Зиночка отвела его в самый конец сада, где деревья уже сменялись тонкими, еще голыми, как прутья, кустами ягод и высокий забор показывал из-за своих позеленевших досок только красные трубы пригородных фабрик и заводов. Тут она решительно повернулась к Сливину и, просто и открыто глядя ему в глаза, сказала:
– Виталий Федорович, вы видели Кончаева?
Было короткое мгновение, когда Зиночка подумала о том, что она первый раз в жизни открыто выдает свою тайну, которой, как ей раньше казалось, никто в мире не может и не должен знать, так как иначе она умрет от стыда. Сливин хотел покраснеть и смутиться от неловкости положения. Но в следующее мгновение что-то полное, властное и спокойное, какое-то непоколебимое сознание своего права наполнило все тело Зиночки, и она еще более открыто и прямо взглянула Сливину в глаза. И это почувствовал и понял тоже всей душой и Сливин. Его голос прозвучал грустью, но был так же прост и открыт, как всегда, когда он ответил:
– Я видел его вчера и сегодня, вероятно, увижу…

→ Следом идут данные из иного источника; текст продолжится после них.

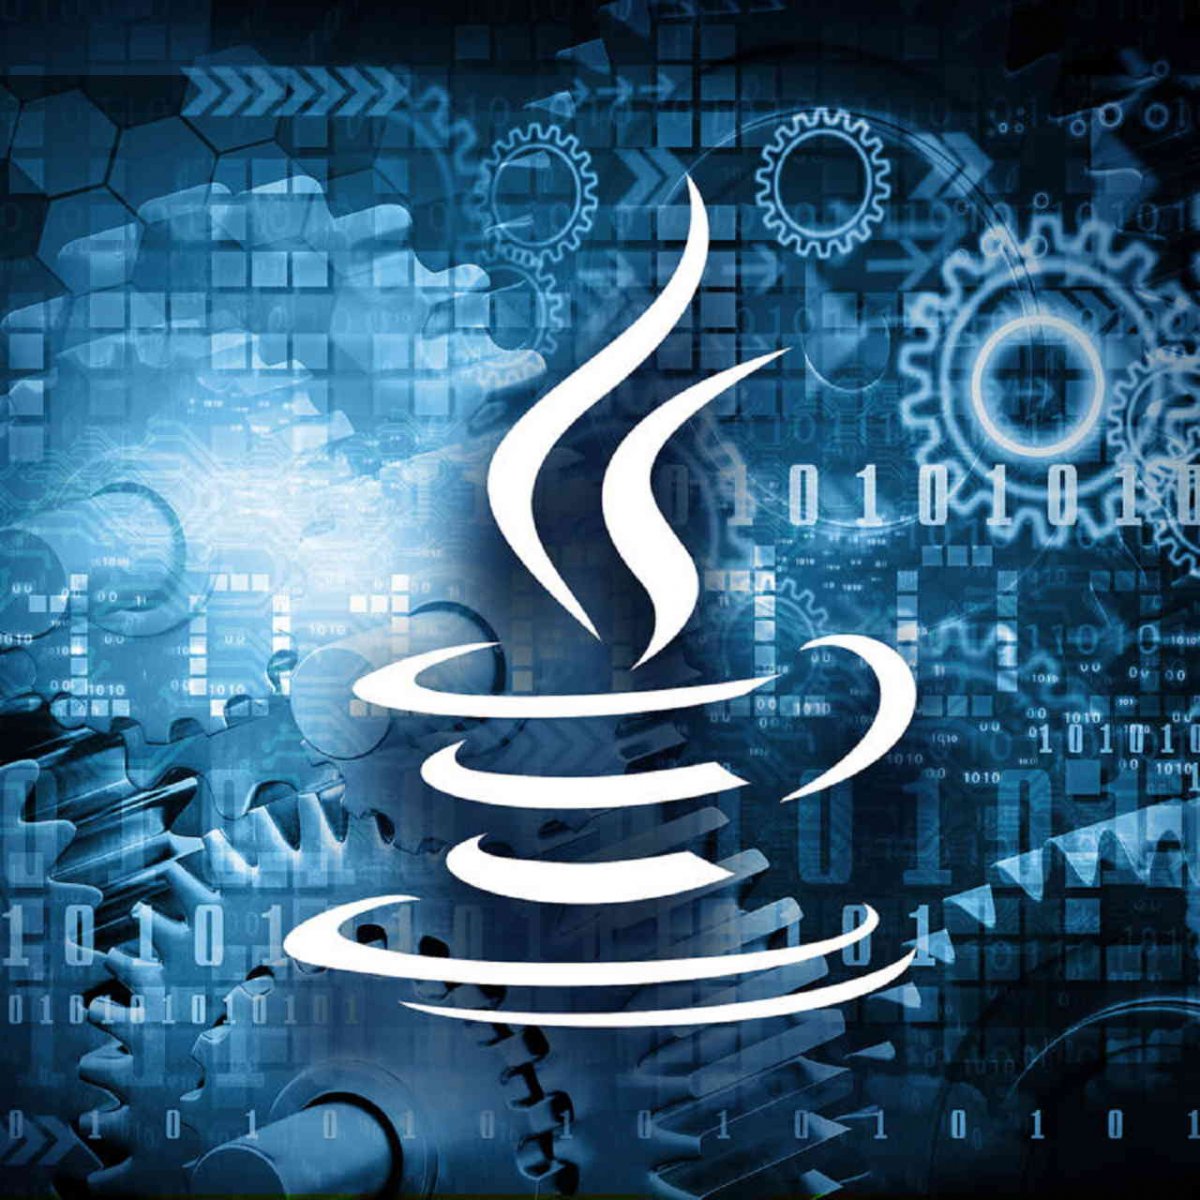 java 1.7.0 virtual machine could not be found

– Скажите мне правду, Витя, – пристально и твердо глядя ему в глаза, спросила она, – опасно там, где он будет?
Сливин, как будто извиняясь, застенчиво пожал плечами.
– Сегодня везде будет опасно… Но главное дело заключается в порту, а их отряд будет, кажется, в фабричном районе. Там не так опасно… хотя… – он беспомощно развел руками, как будто всей душой хотел бы сделать ей приятное и уберечь Кончаева, но не мог и просил снисхождения. Он знал, что Кончаев будет в порту, но солгал и почему-то не почувствовал никакой неловкости, точно так и нужно было.

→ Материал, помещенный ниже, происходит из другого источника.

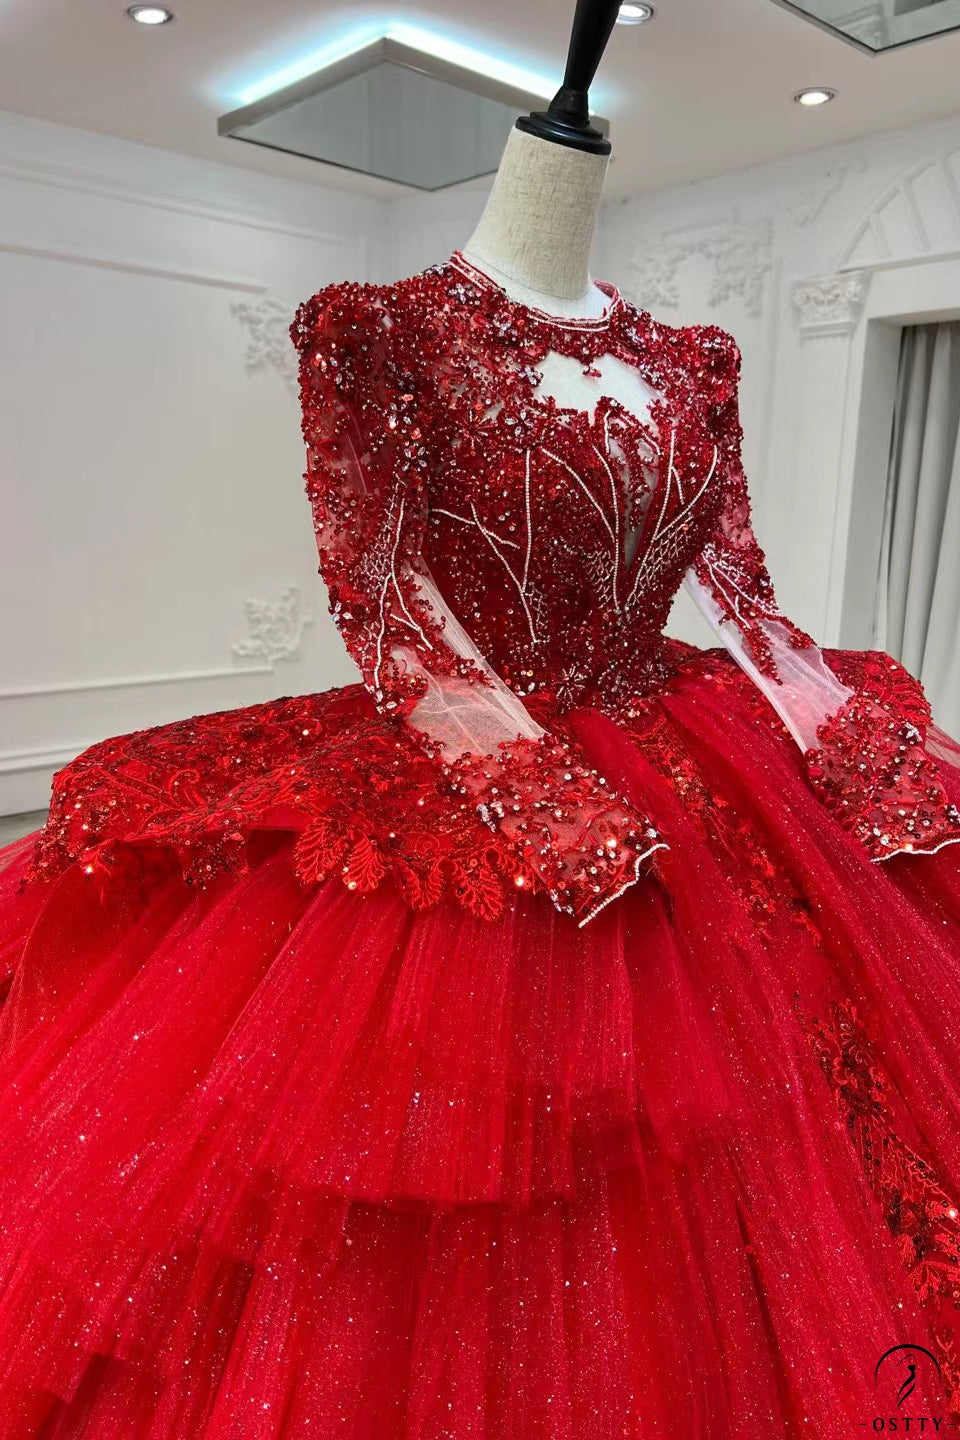 Dark Red Ball Gown Wedding Dresses 2019 Off The Shoulder Corset Lace Up  Back Floor Length Women Non White Colorful Bridal Gowns Custom From  Totallymodest, $96.52 | DHgate.Com

– Так… – сказала Зиночка и потупилась, машинально пощипывая кончики кос, перекинувшихся на грудь. И вдруг вся покраснела и застыдилась опять, как напроказившая девочка.
– Витя, вы передадите ему письмо?..
И Сливин весь покраснел, но трогательное и просительное доверие в ее светлых, увлажнившихся от стыда и просьбы глазах размягчило его сердце совсем, и какое-то грустное счастье охватило его душу.
– Давайте… я передам, непременно… – сказал он и отвернулся, посмотрев вверх на небо, чтобы скрыть теплые слезы, выступившие на ресницах.
И небо, и розовые облака расплылись в этих слезах.
Потом она скоро-скоро пошла назад, и маленькие каблучки ее светло-желтых туфель быстро и ровно печатали свои крошечные следы на сыром песке дорожки. Сливин понуро шел сзади и с чувством все того же чистого и грустного умиления смотрел на эти следы.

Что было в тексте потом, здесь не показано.